On November 12, 2009, the SEC announced the settlement of its first Regulation G enforcement action.  Regulation G prohibits the presentation of non-GAAP financial measures in a misleading way and requires companies to present—alongside the non-GAAP financials—the most directly comparable GAAP measures and a clearly understandable reconciliation of the GAAP and non-GAAP measures.  Although the SEC created Regulation G in 2003 in the wake of the Sarbanes-Oxley Act, this is the first time the SEC has used it as a basis of an enforcement action.

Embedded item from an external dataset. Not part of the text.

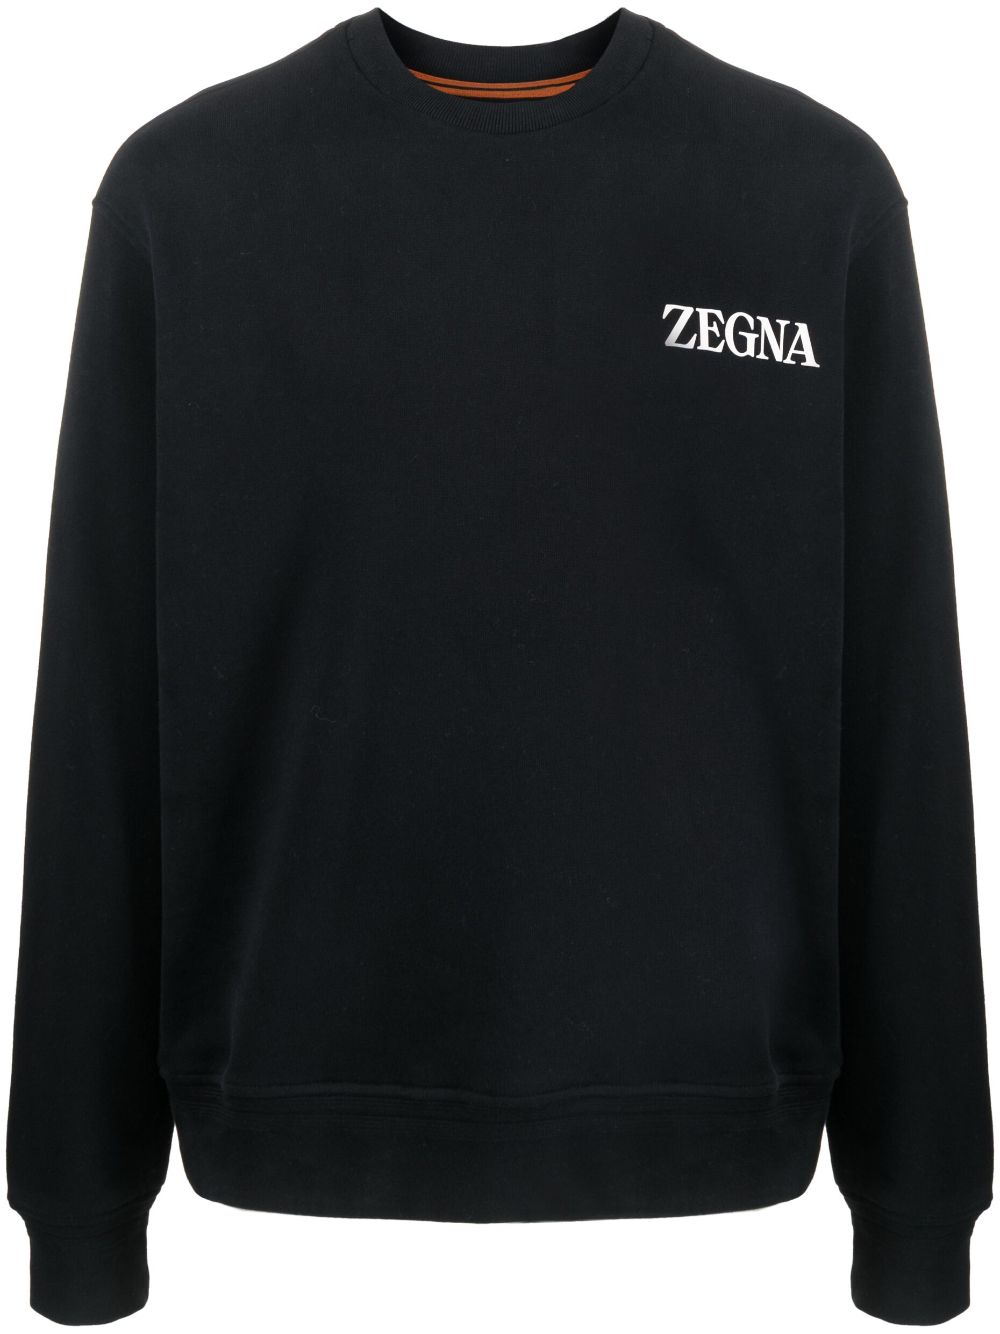 Zegna #UseTheExisting™ cotton sweatshirt - Black von Zegna

In this case, the SEC alleged that the CEO, CFO and other senior officers of SafeNet, Inc. directed SafeNet employees to use improper accounting procedures to intentionally misstate the financial condition of the company, as well as to mischaracterize these accounting issues on a company earnings call.  Specifically, the SEC claimed that SafeNet employees improperly classified ordinary operating expenses as nonrecurring expenses and excluded significant recurring operating expenses from its non-GAAP results in order to meet earnings targets.  In addition, the SEC asserted that SafeNet officers engaged in a stock option backdating scheme.

While the SafeNet case involved fraud related to pro forma financial statements and the Regulation G claim itself was only one part of the SEC's prosecution, the case nevertheless serves as a good reminder of Regulation G's two principal mandates:

  • Don't confuse or mislead.  The SEC pursued SafeNet and its employees because they reported non-GAAP financial measures in ways the SEC viewed as misleading to investors.
  • Reconcile to GAAP.  Companies must present the most directly comparable GAAP measures and a clearly understandable reconciliation of the GAAP and non-GAAP measures.